The sudden sound of his voice startled me. I thought about this a moment, searching for a good reasonable answer to my madness. "Well I really don't know... I guess since I can't sleep I come to the place most open around here... I guess I just feel like I'm closer to my parents."

Cameron wrapped an arm around me, causing me to realize how cold I really was. I cuddled in closer to him and began to shiver without noticing it. "Why don't we go home if you're so cold, Nik."

I looked at him and immediately thought of Bradin. He had always been the only one that had called me that, no one else even bothered. I then began to think about what Bradin was saying about Cameron the night of Amber's party. I couldn't even really be sure if he actually did say anything to me or if I really did talk to him but I remember it. He likes you too much to double-cross you... But what does he mean by that? I hadn't had a chance to ask him about it lately since he's always been off with Erika or Sarah... and then this new chick Callie or something.

"Nah, I'm not that cold... Just a little chilly. Plus, I'm all good now." I shot him a wry smile.

My mind was beginning to drift to my parents' deaths, something I hadn't thought about in a while. I kept picturing that dream I had been having for a few months after my parents had died. Gruesome details began to swarm into my mind of what actually occurred. My eyes swelled up with tears, sending streaks of salty water down my cheeks and onto my lips. Cameron's thumb was swept underneath my eyes to rid me of my tears. I gave him a tiny smile and sniffed.

(Cameron's POV)

It really pained me to see her crying especially over her parents again. I know I can't do much to sooth the pain, but I always try my best and she seems to appreciate that quite a bit. I haven't really been there for her since Amber's party, but I want to try and make up for that now. Nikki seems to have no one still. She wasn't speaking at all just more of sitting there in a zombie like state.

Nikki looked to me with empty eyes. "I can't keep living like this, Cameron.. I really can't."

"It'll be alright, hun. It just takes some time to not hurt so much... As cliché but, time heals all wounds. In your case, you have to heal a giant wound."

"Well, time is taking too long... The wound is too big to heal. It will always be there, and it'll only get bigger and bigger because I'll keep poking at it."

Even if I say "It'll be alright"
Still I hear you say you want to end your life
Now and again we try to just stay alive
Maybe we'll turn it all around
'Cause it's not too late
It's never too late

I just couldn't help but realize what she was truly referring to - she wanted to end it... all of it.

"Nikki! Don't say that... please..."

Nikki laughed, "But seriously... who here would miss me? Everyone in Kansas has forgotten about me," she stood up and kicked a rock. "I mean everyone here hasn't given a damn about me in the longest time. So why should I even hesitate?"

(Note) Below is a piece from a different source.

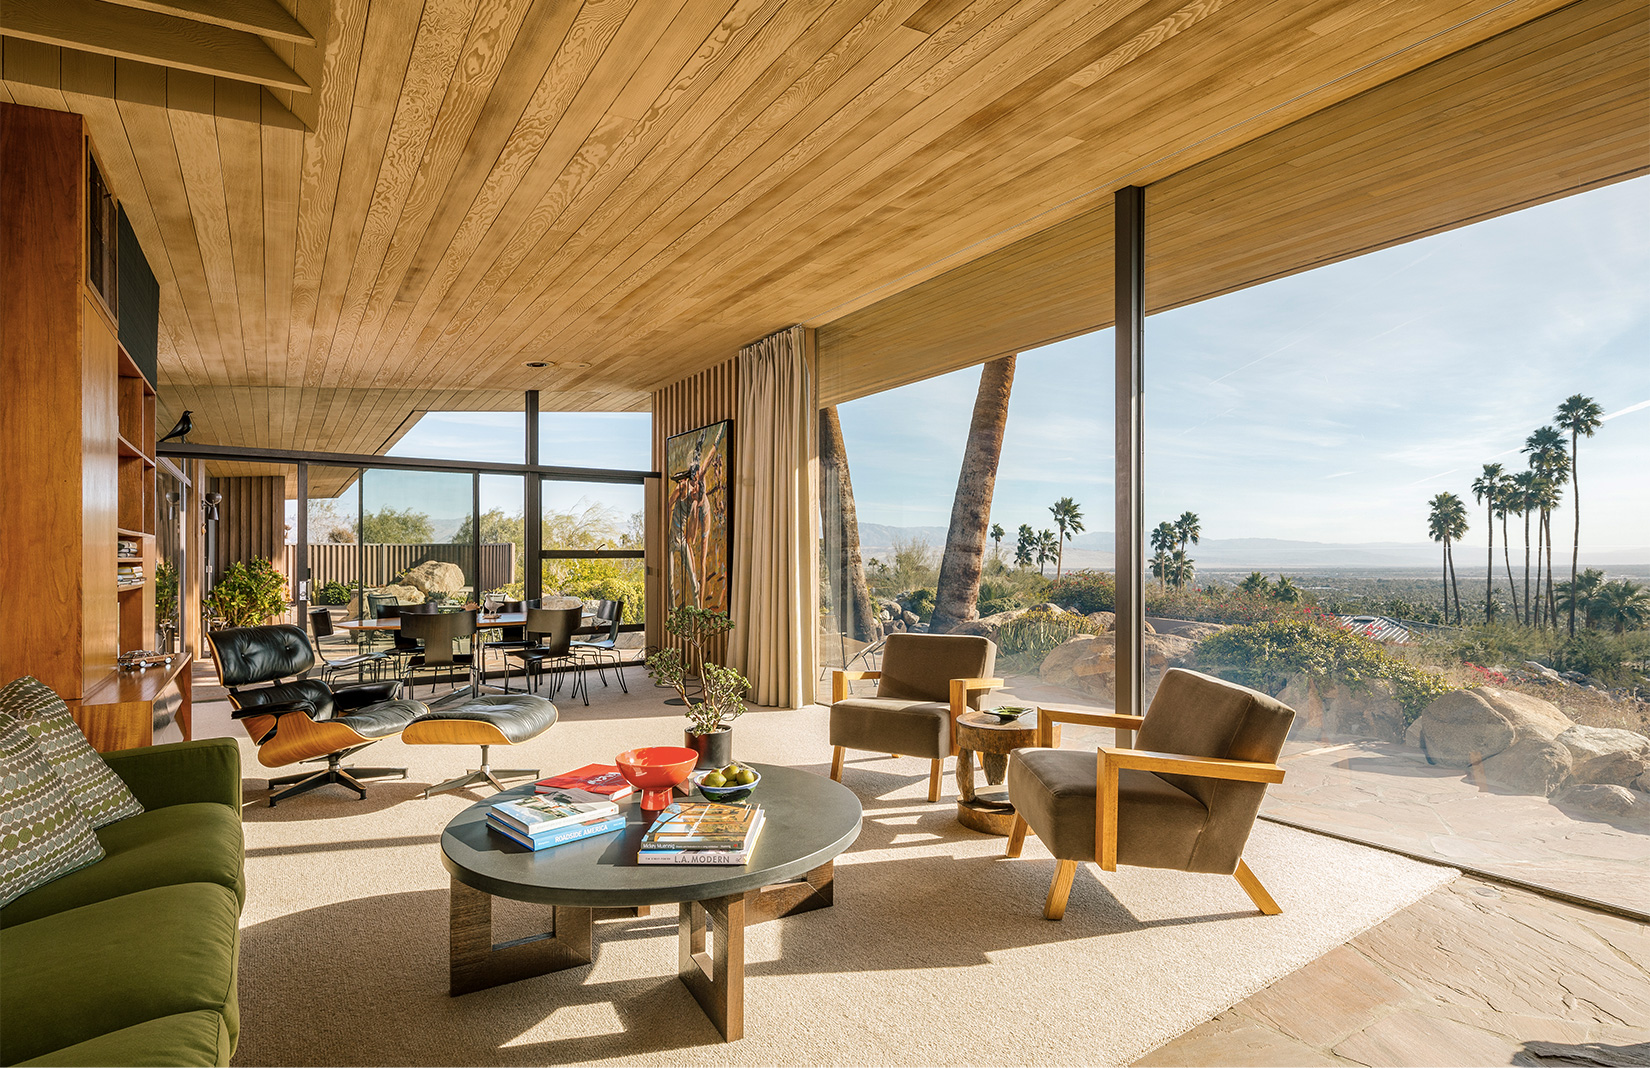 7 Of The Best Midcentury Homes For Sale In The Us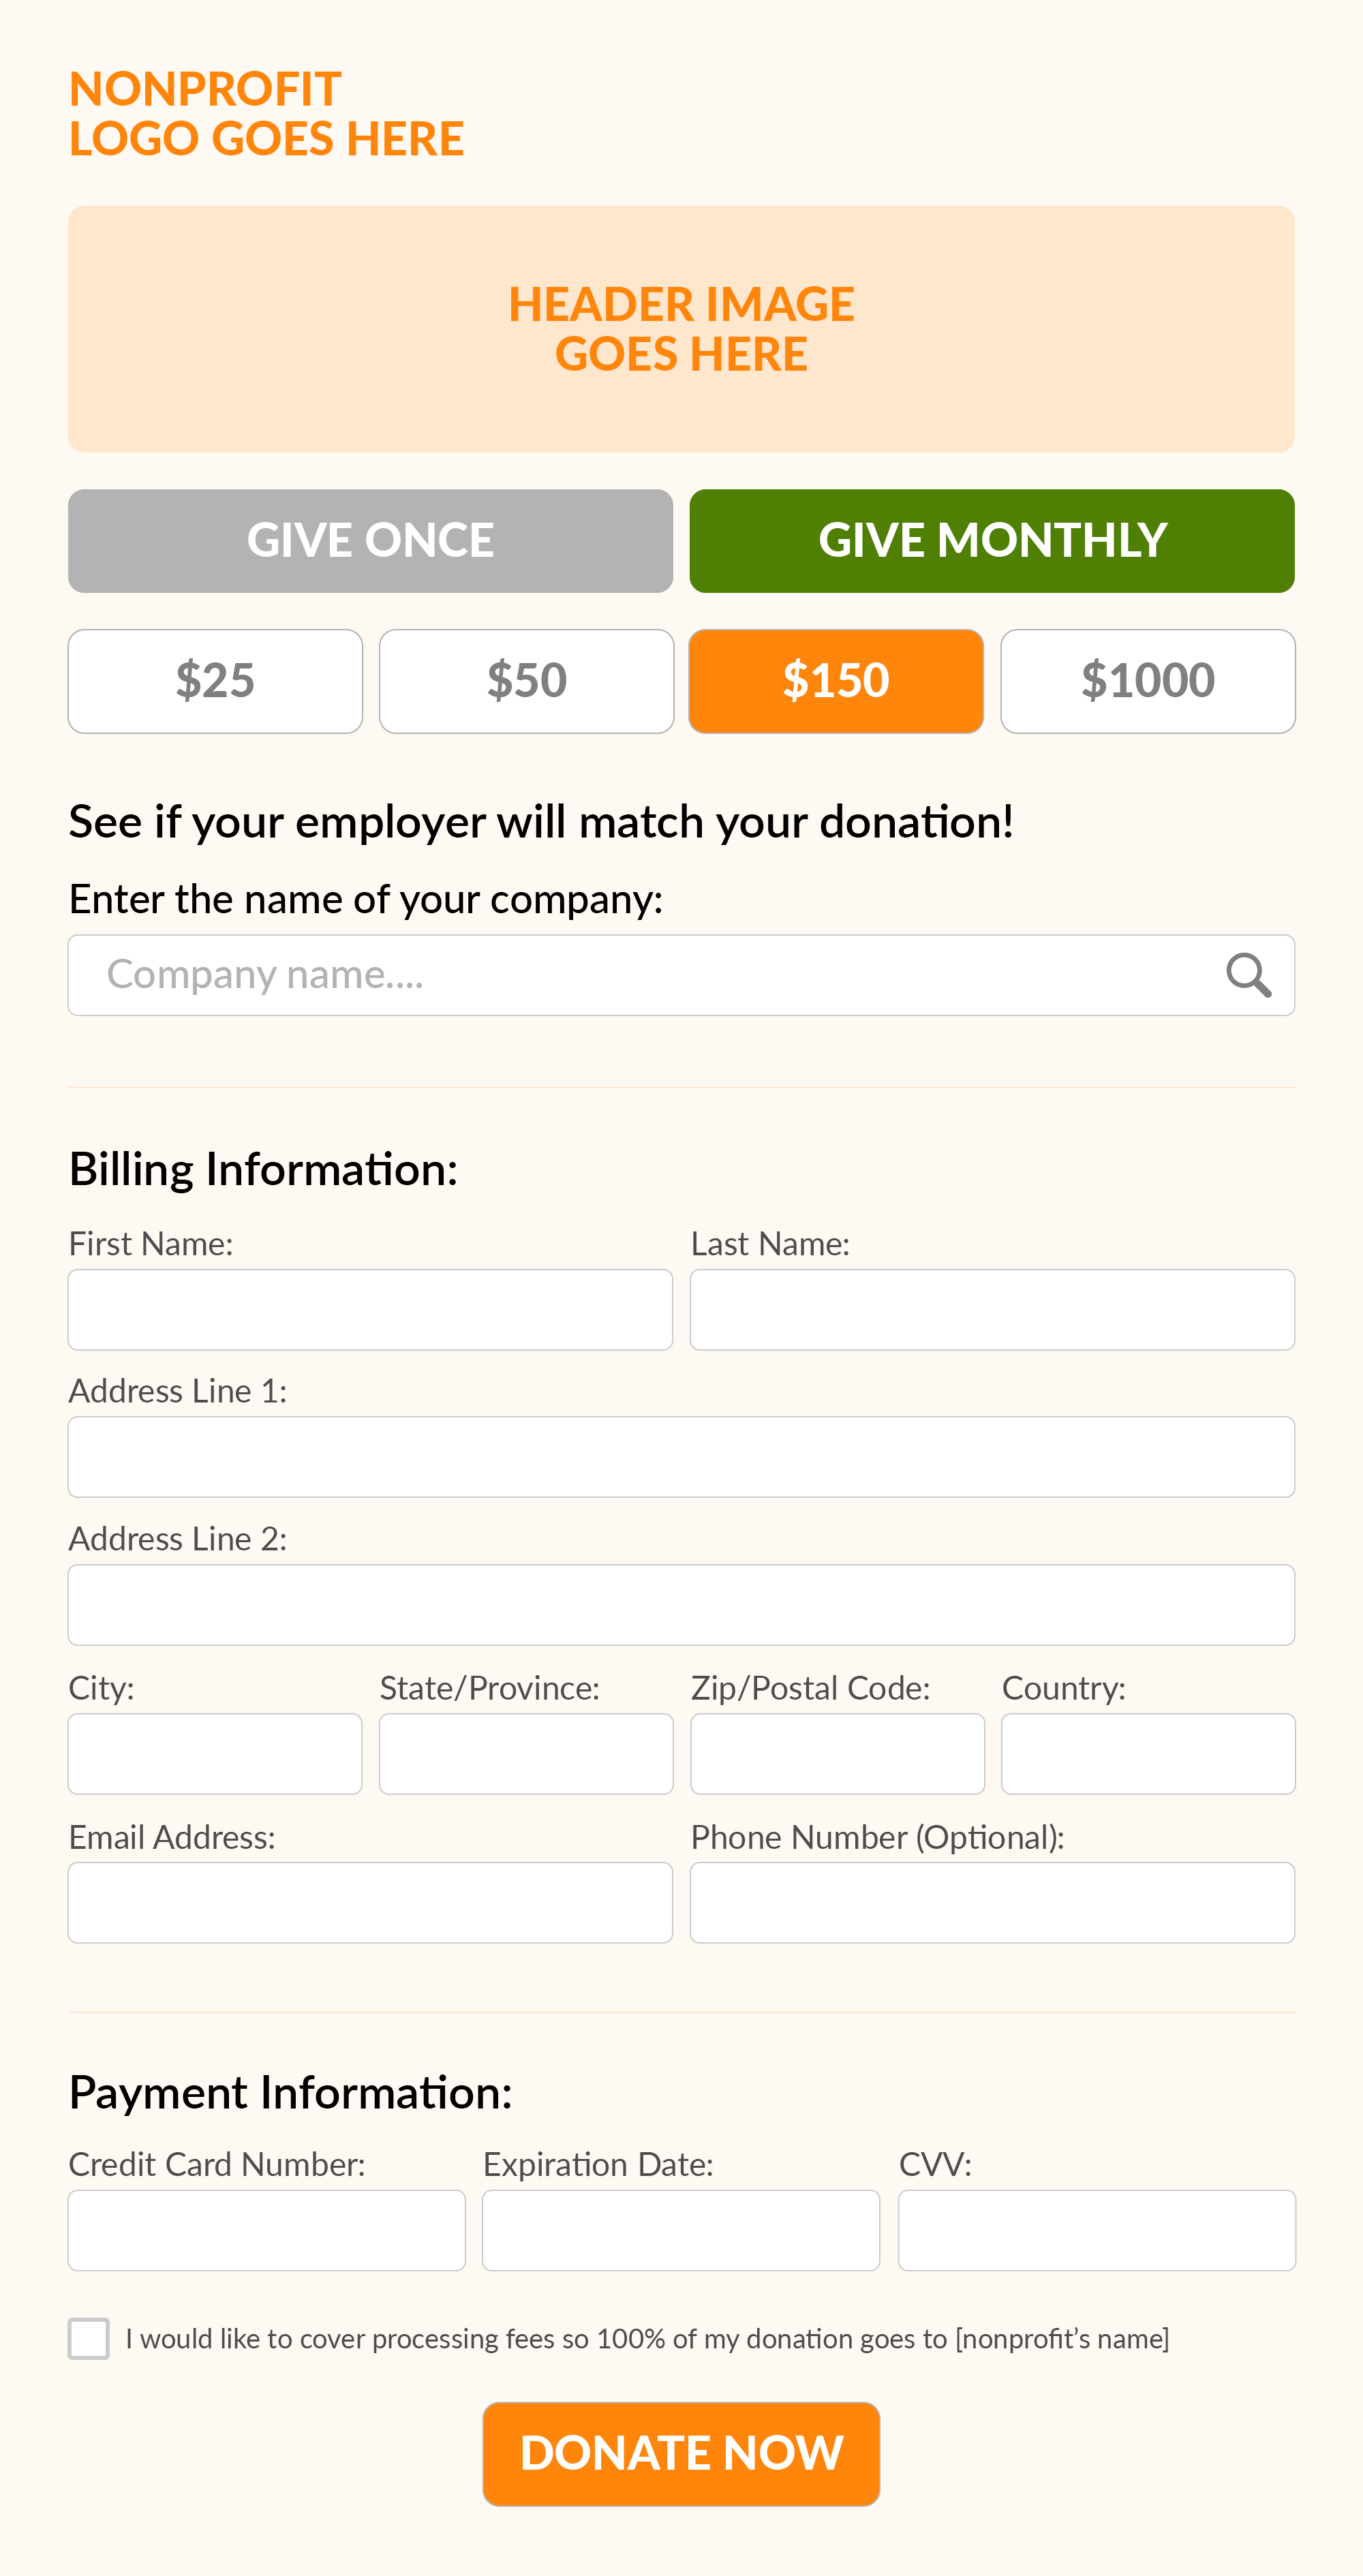 Nonprofit donation page template that includes the best practices listed in the section below

I looked away from her furiously. "Oh, is that the way you see it."

She hadn't heard me. "I mean... I should have done it already instead of sat here and talked to you. Maybe you shouldn't have saved me the night of Amber's party. Maybe you should have let me drown... Maybe I should be dead! Maybe, Cameron... maybe I just need to go and die."

Nikki ranted for some bit longer before finally I couldn't take her talking about killing herself anymore. "Y'know what? FINE! If you want to do it so fucking bad then GO! No one's stopping you! I mean hey, I haven't been sticking with you since you moved here. Listening to your every complaint. Listening to everything you had to say. Being the only one to care about you. So if that isn't good enough... then FINE. GO DIE! See if I care or give a damn."

I stood up and began storming off, not wanting to look at her anymore. I'm tired of being the only one who helps people out but never gets anything in return. I am entitled to have someone care back for me as much as I care about them. I couldn't help but care about Nikki so much though. It's hard to actually realize it and admit it, but I'm head over heels in love with Nikki. I her.

I heard loud sobs echoing in the sky and I knew it was Nikki. My heart couldn't let her continue to cry so, even though I didn't want to, I turned around and went back up to Spanish Cove to go see what she was up to. When I reached where I was sitting moments ago I found Nikki on the ground a shaken wreck. I squatted beside her, unsure whether I should reach out and touch her or just leave her be. I was completely knocked off my feet when Nikki tackled me in a full hug. I wasn't really sure what to do so all I did was hug her back and let her cry it all out. I guess I hadn't really realized how unstable Nikki was really after the whole thing with her parents and what's actually going on now.

I bit my lip, "Hey... what I said earlier... That was a horrid thing to say. I'm really so-"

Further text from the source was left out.